# Shrimps



## Guest (Apr 21, 2010)

hey folks,

i got a bunch of cherry shrimps a few days ago and been feeding them algae wafers. i drop half a piece in before i go to work and take out the rest when i get back and do a water change.

what i would like to know is can i just leave the algae wafer in there? will this create problems for the tank?


----------



## bmlbytes (Aug 1, 2009)

I notice that uneaten food in my shrimp tank starts to get moldy. I would either break it into smaller pieces, get more shrimp, or take the food out.

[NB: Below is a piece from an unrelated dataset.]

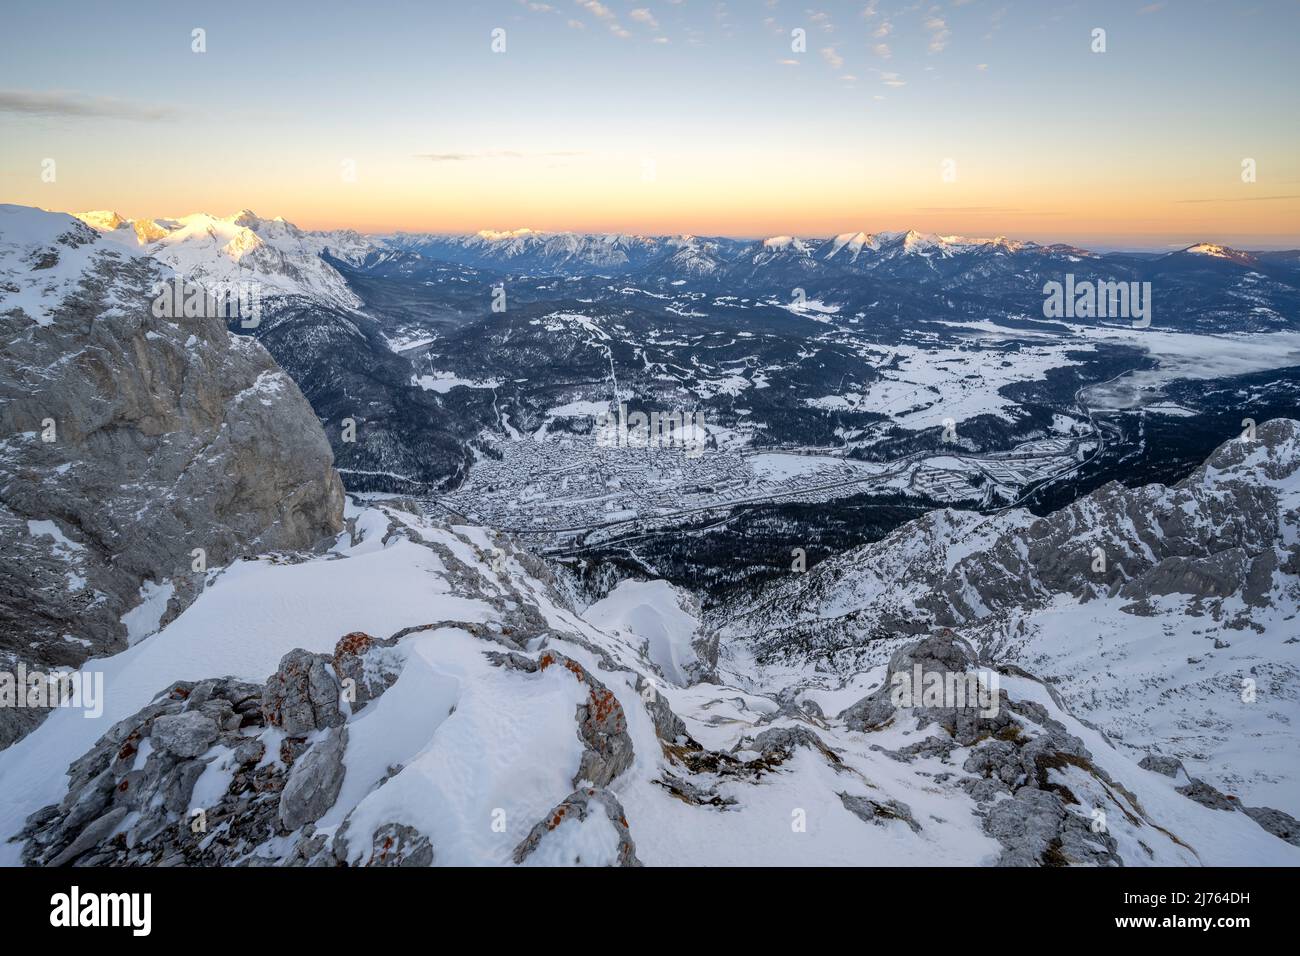 View from the western Karwendel, over rocks and snow ind he Werdenfelser Land in winter, with the market town Mittenwald, the Kranzberg, the Bavarian Prealps and towards Garmisch-Partenkirchen, with the Zugspitze in the background, while soft colors of dawn are in the sky. Stock Photo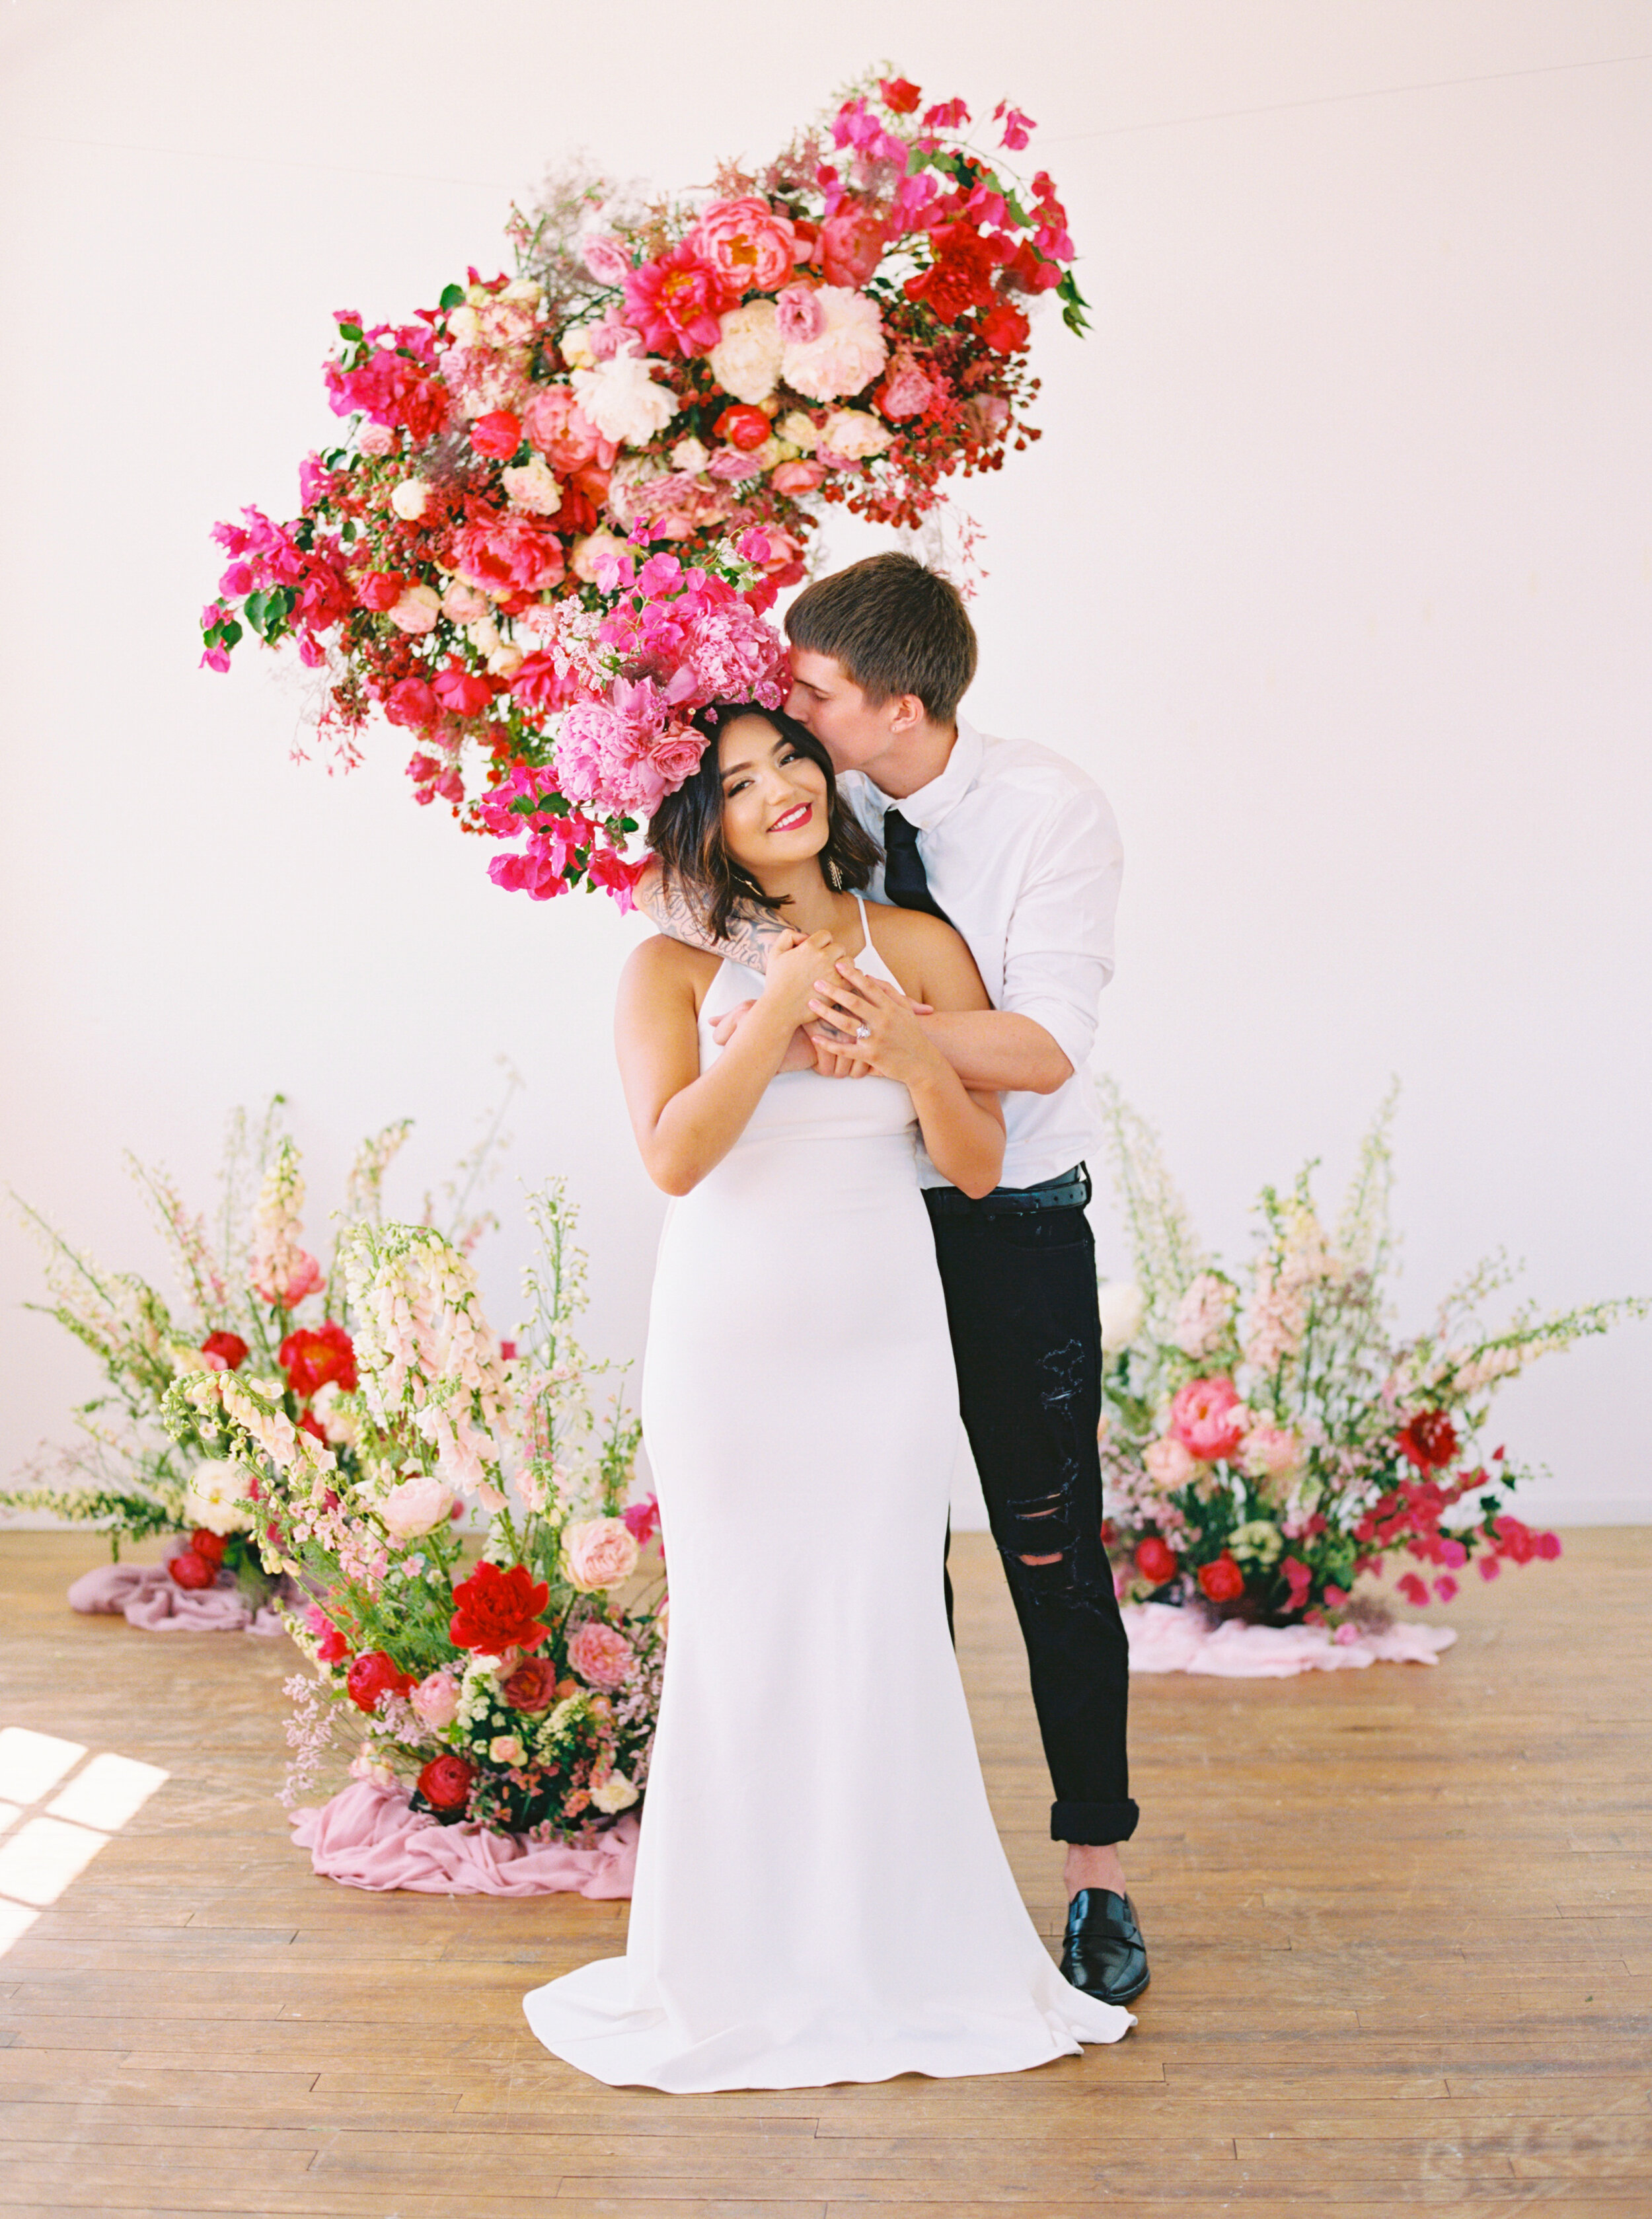 A Romantic Wedding Elopement Filled with Colorful Fuchsia - Sarahi Hadden Submission-33.jpg

I have also noticed that a dirty tank seems to work well for shrimp. I rarely feed my shrimp and they live off all the stuff that grows in the tank. They are giving very good colors.


----------



## TheOldSalt (Jan 28, 2005)

I agree, but you could always cut back to 1/4 wafer.


----------



## Chrispy (Oct 28, 2007)

thats what I do with my shrimp. I have LOTS of RC Shrimp in my community tank and I drop a small piece of wafer in the tank every other day. I starting by seeing how much they would eat and remove the rest. now I only put in a quarter. I am sure they are eating plant matter and if they need to get food they can get it from the wafer. They barely eat anything remember, they are SMALL


----------



## Guest (Apr 22, 2010)

cool! thanks for the info folks. i'll cut down to 1/4th for now and once i get my 3 mexican dwarf crayfish and rainbow shrimps i'll go back to 1/2 a wafer. would that be ok?


----------



## TheOldSalt (Jan 28, 2005)

Sounds good. You might wind up having to drop 2 or 3 1/4 wafers around the tank once the crays are added, though, since they aren't known for sharing.


----------



## Guest (Apr 22, 2010)

thanks TOS. i'll keep that in mind.

was talkin to BML on chat earlier and he said the wafer takes least 2 days before it gets mouldy. am glad cos i was worried about the wafer goin bad and crashing the tank.


----------